The Quadrotor’s Coming of Age

About the Author: Josh Villbrandt

Josh was a junior studying Aerospace Engineering. In his free time, Josh enjoys programming for the Aerial Robotics Team, working in the shop for the AeroDesign Team, and tossing around Frisbee with friends. Upon graduation, Josh hopes to work in the Aerospace industry, possibly with a focus in robotics and UAVs.

The quadrotor is an emerging Micro Air Vehicle (MAV) that may have limitless applications. Departing from a century old design, modern quadrotors are evolving into small and agile vehicles. After already proving their usefulness as aerial imaging tools, new research is allowing quadrotors to communicate intelligently with other autonomous vehicles, to explore unknown environments, and to maneuver in dense surroundings with speed and precision. Individually, these advances will allow quadrotors to complete missions such as long-term surveillance and search and rescue. However, if all of these developing technologies are combined, quadrotors will be capable of advanced autonomous missions that are currently not possible with any other vehicle.

Introduction

In the last few decades, fixed-wing Unmanned Aerial Vehicles (UAVs) have become more popular and more commonly used for a variety of applications. Militaries around the world use UAVs for routine surveillance and to carry out basic attack strategies. Civilian applications include tasks from border protection to search and rescue. However advanced fixed-wing UAV technology is becoming, there remains the need for craft with greater maneuverability and hovering ability.
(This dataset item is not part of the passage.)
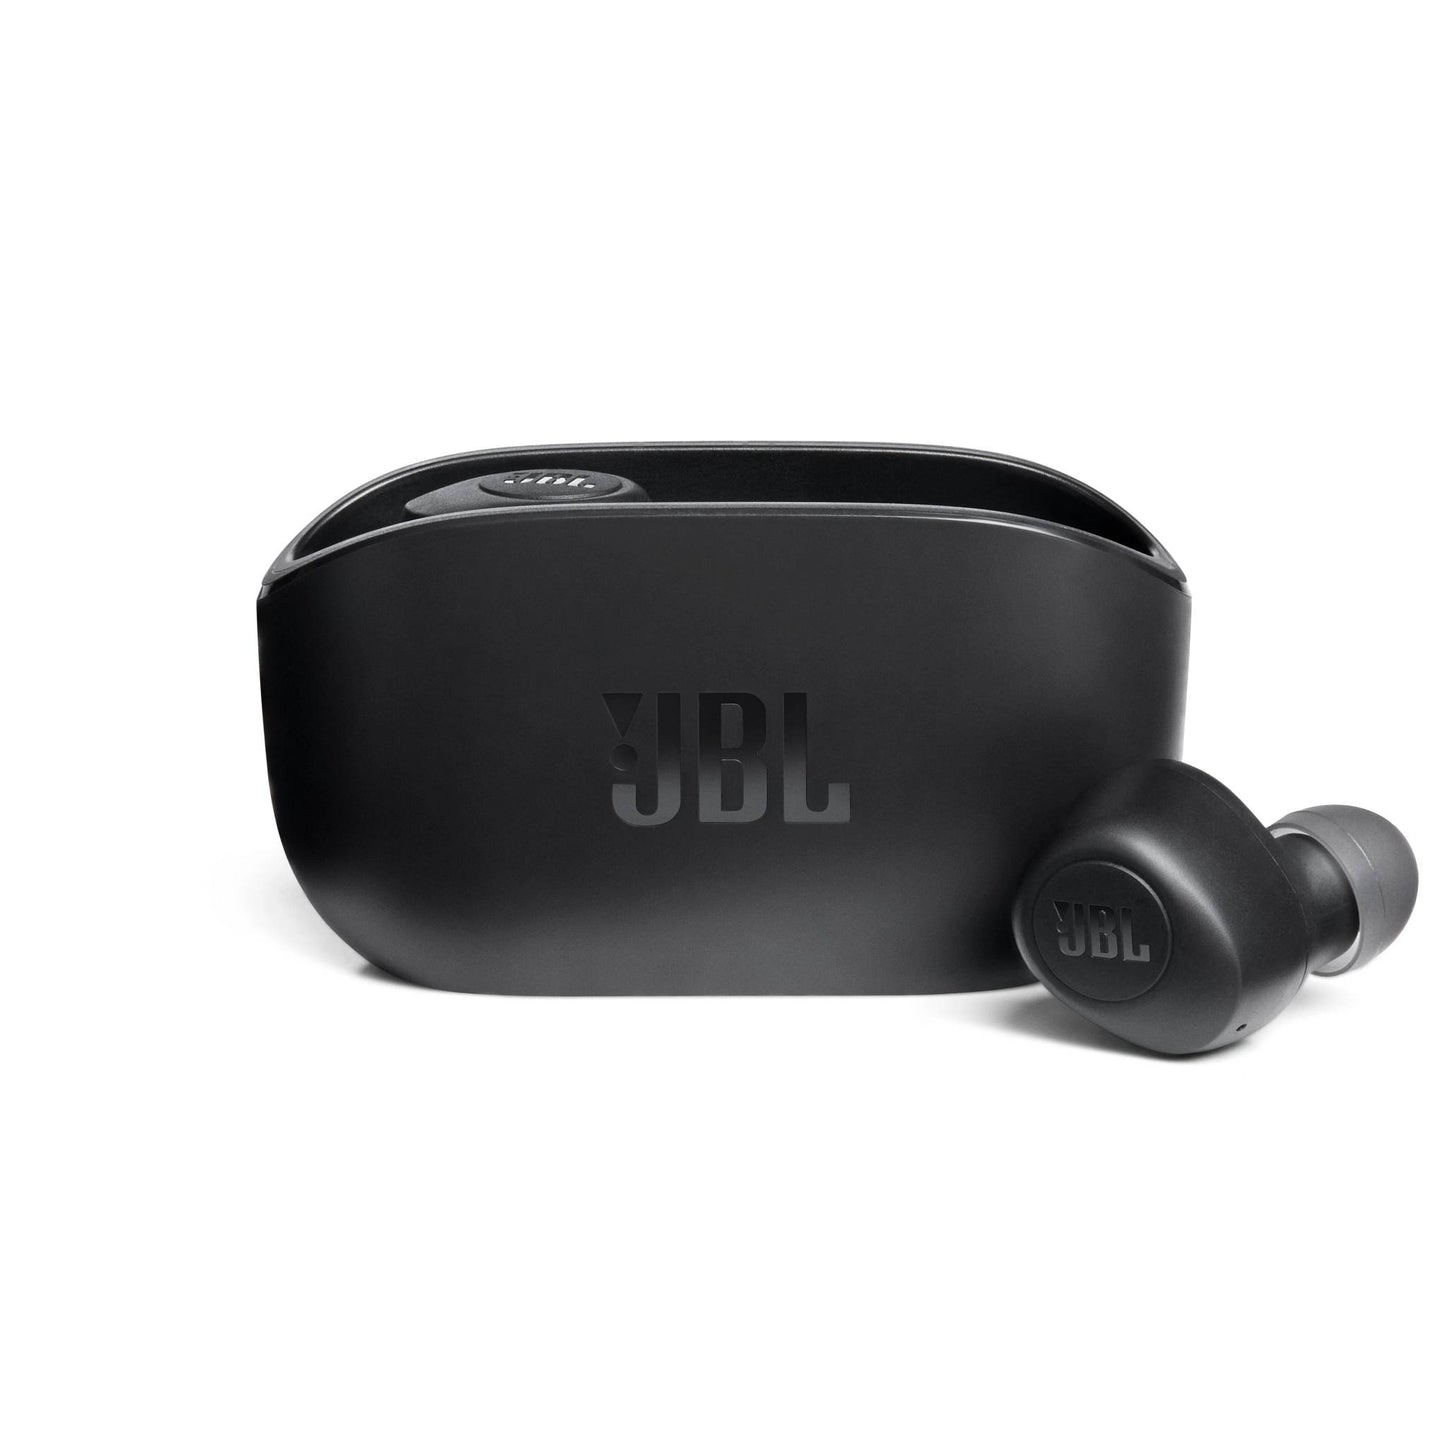 JBL Wave 100 True Wireless Bluethooth In-Ear Headphones, pocket earphones with JBL Deep Bass sound and Dual Connect, 5+15 hours battery life, black color

Gabe Hoffmann/Stanford University
Figure 1: The STARMAC of Stanford University is a typical modern quadrotor design.

Helicopters have been able to fill the niche of full-sized, manned vehicles. Now, a new type of Micro Air Vehicle (MAV) is emerging as the small-scale equivalent of the full-sized helicopter. This new craft (see Fig. 1) is commonly referred to as a quadrotor. While the quadrotor is also rotor-based, it has a few key differences that set it apart from traditional helicopters and make it particularly attractive as an MAV. A four-rotor design allows quadrotors to be relatively simple in design yet highly reliable and maneuverable. Cutting-edge research is continuing to increase the viability of quadrotors by making advances in multi-craft communication, environment exploration, and maneuverability. If all of these developing qualities can be combined together, quadrotors would be capable of advanced autonomous missions that are currently not possible with any other vehicle.

What is a Quadrotor?

In general, a quadrotor is a type of rotorcraft that uses two pairs of counter-rotating, fix-pitched blades for lift. The use of fixed-pitched blades allows quadrotor propellers to often be connected directly to four individual motors without the need for complicated linkages that control pitch. These motors are then connected in an ‘X’ configuration. To power and control the rotors, a battery and microcontroller are placed near the center of the craft. Changes to the altitude and attitude (the height and orientation with respect to the ground) of the craft are achieved by varying the speed of individual rotors. Fig. 2 shows the typical layout of these components and identifies the different rotor changes needed to adjust the state of the craft. With such a straightforward design, it is easy to build vehicles that are much smaller than traditional rotorcrafts. Many of the quadrotors currently in development have a total system weight of about 1.5 kg and a rotor tip to rotor tip length of 0.5 m. Because of these small dimensions, quadrotors are better suited for indoor and outdoor urban environments than most other air vehicles.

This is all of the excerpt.